Admittedly, in the instant case, the goods had not been brought into the customs frontiers of India before the transaction of sales had been taken and, therefore, in our opinion, the transactions had taken place beyond or outside the custom frontiers of India.”
10. Therefore, the Central Government, in view of the above holds that the transactions effected at the duty free shops at the arrival or departure of the International Airports in India might have taken place within the geographic territory of India, but for the purposes of levy of Customs Duties or any other taxes, the area of duty free shops shall be deemed to be the area beyond the customs frontiers of India. Although, the applicant bought goods from duty free shop at CSI Airport Mumbai, the same are deemed to be imported from across the Customs Frontiers of India and customs duty is payable on such goods. Since the applicant crossed the green channel without declarations and without payment of customs duty, the department has rightly proceeded against the Applicant.
11. The Central Government has thus applied the ratio laid down by Hon’ble Supreme Court in Hotel Ashoka (supra) and correctly held that the transactions effected at the duty free shops at the arrival or departure of the International Airports in India located after the passenger clears immigration might have taken place within the geographic territory of India, but for the purposes of levy of Customs Duties or any other taxes, the area of duty free shops shall be deemed to be the area beyond the customs frontiers of India and the transaction would be said to have taken place outside India.

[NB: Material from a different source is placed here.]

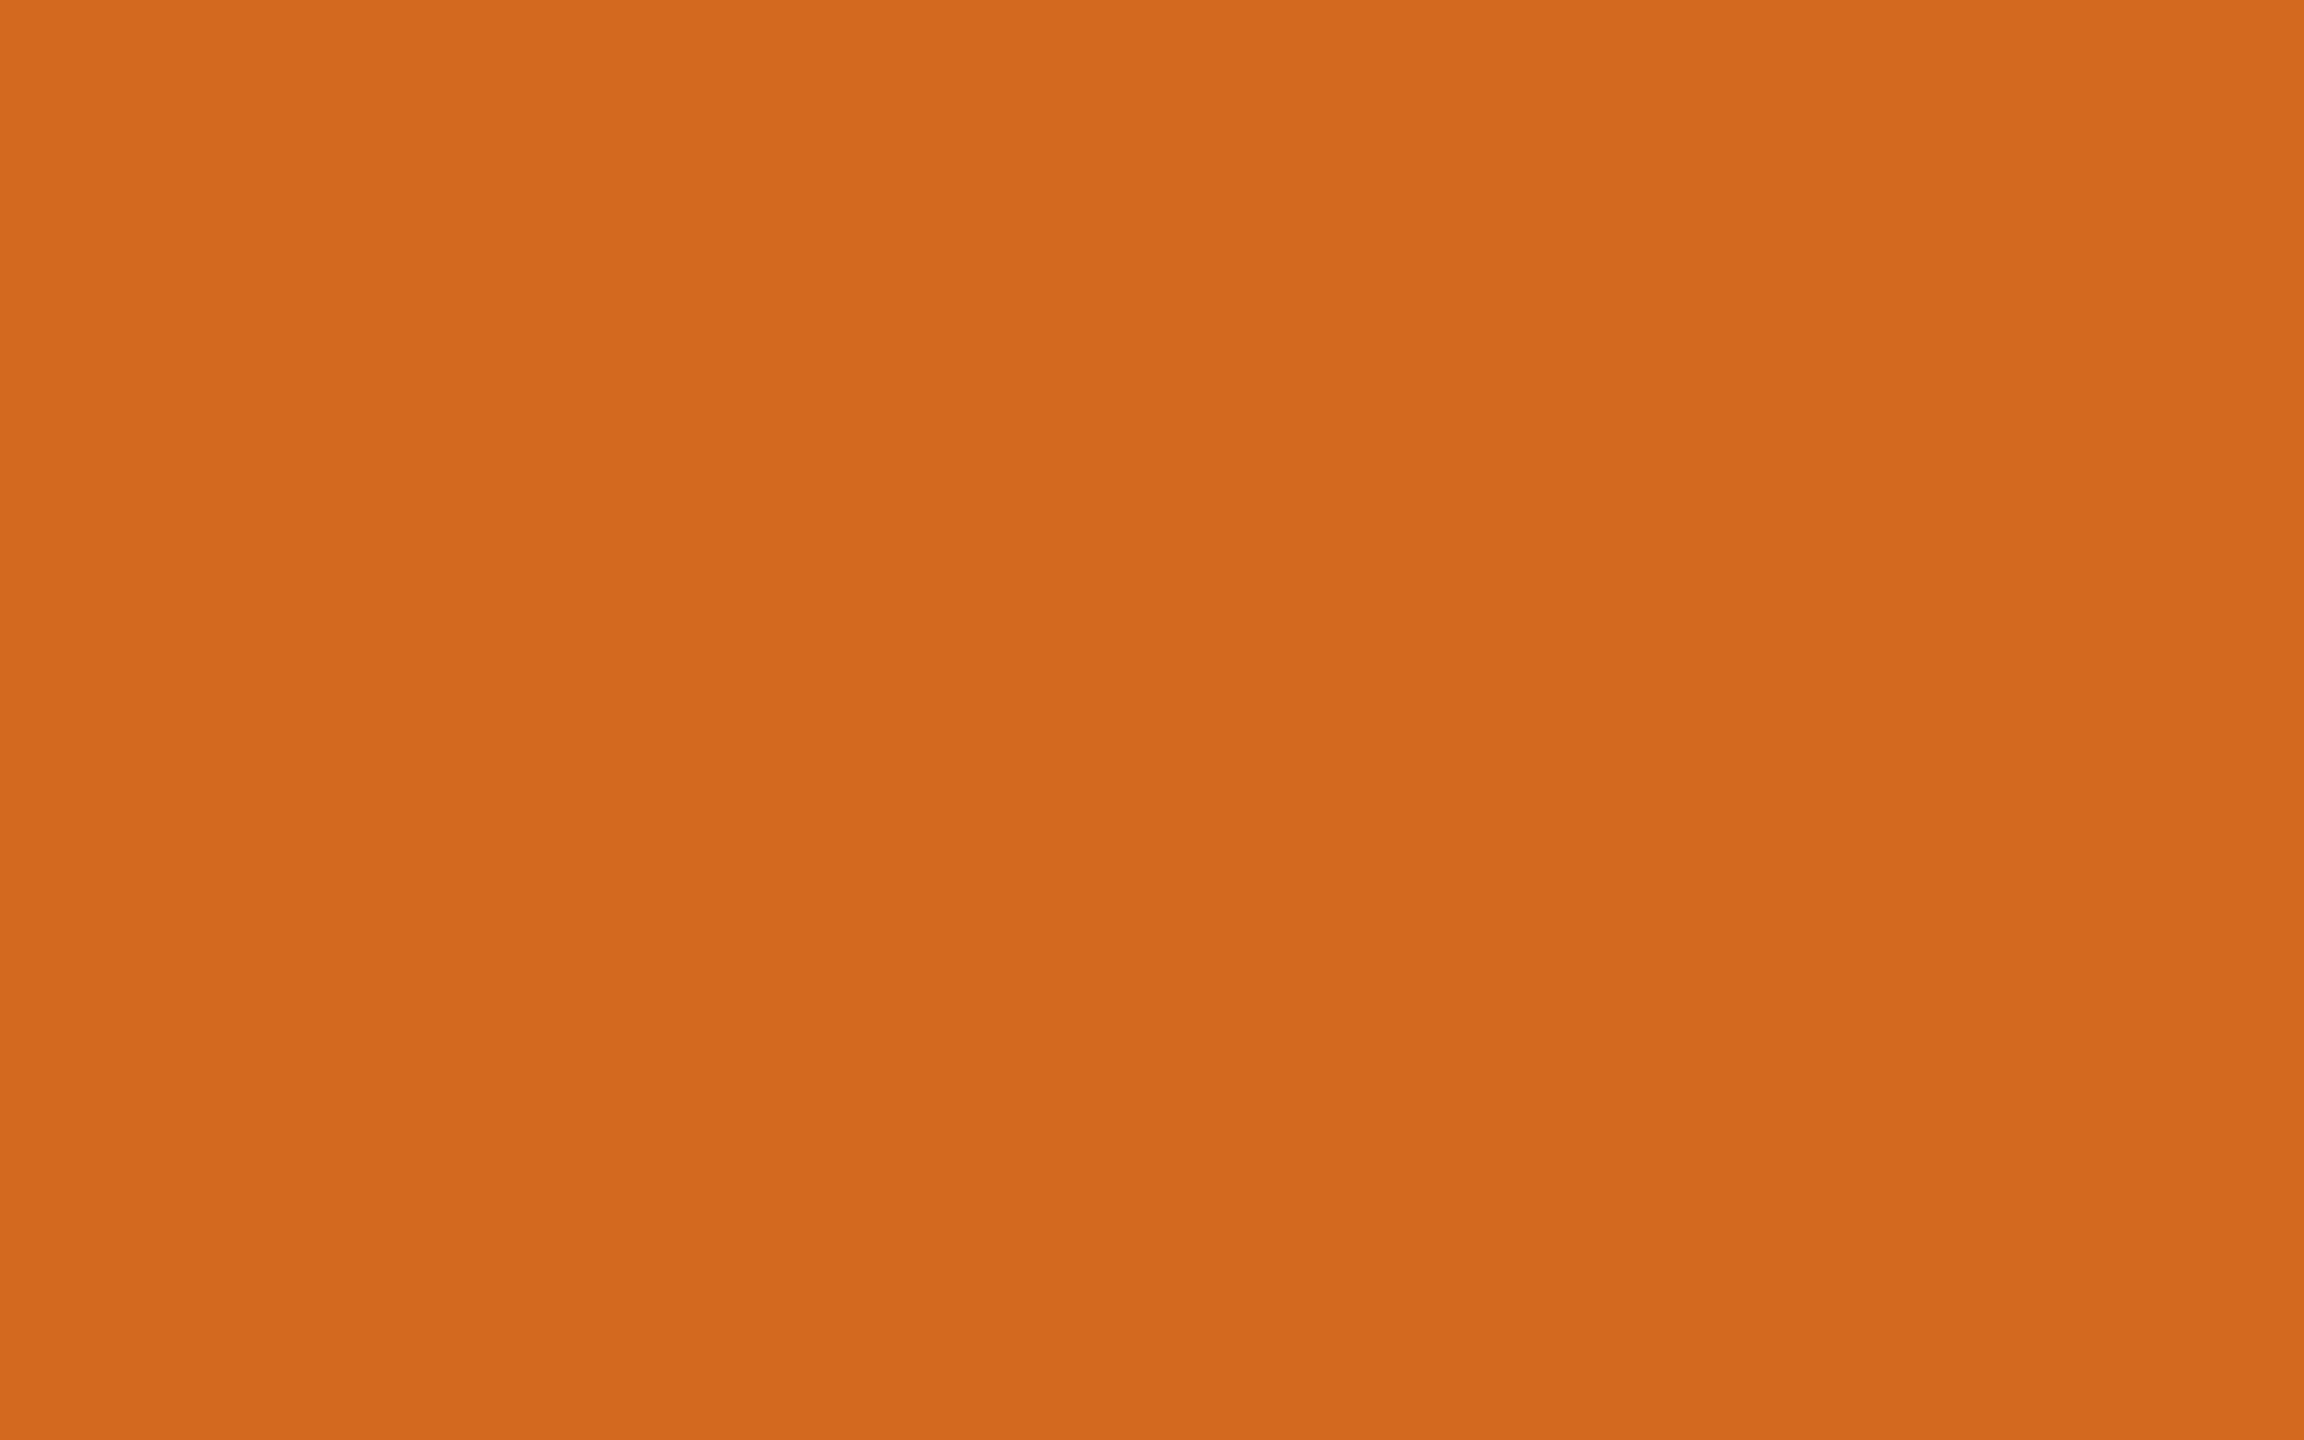 2304x1440 Cinnamon Solid Color Background

12. The aforesaid Judgments are clearly applicable only in respect of supplies to or from duty free shops situated after the passenger crosses the immigration counter beyond the Customs Frontiers, at arrival or departure hall of International Airport Terminals, where the transaction would be said to have taken place outside India. The International travel of incoming or outgoing passenger after immigration clearance would be beyond any doubt. In such event, whether it is the sale/purchase/supplies of goods or services, to or from such duty free shop, the same is said to be taken place outside India. Hence, the same would be a “nontaxable supply” under Section 2(78) of CGST/SGST and such duty free Shops located at the International Airports would be in “nontaxable territory” as defined in Section 2(79) of CGST/SGST. As per section 2(24) of IGST, the same meaning as given in CGST/SGST applies for IGST as well.
13. Whereas in the GST regime, the aforesaid Judgments would squarely apply for the sale/purchase/supplies of goods or services to or from duty free shop situated after the passenger crosses the immigration counter at arrival or departure hall of International Airport Terminals; however, they would have no application to shops located at a domestic Airport or Domestic Security Hold Area, which are before even the immigration clearance by a passenger, where the transaction cannot be said to have taken place in any area beyond the customs frontiers of India or outside India. Even otherwise, a passenger travelling on a domestic flight from Nagpur may or may not travel abroad, and the Customs Authorities would not be able to have effective check and control to verify whether the goods purchased from Domestic Airport at Nagpur are actually taken abroad by the passenger.
14. We are thus unable to agree with the petitioner and find no merit in this petition. No case is made out even on prima facie basis to issue any directions or any notice in that regard. With the above observations, the petition stands dismissed.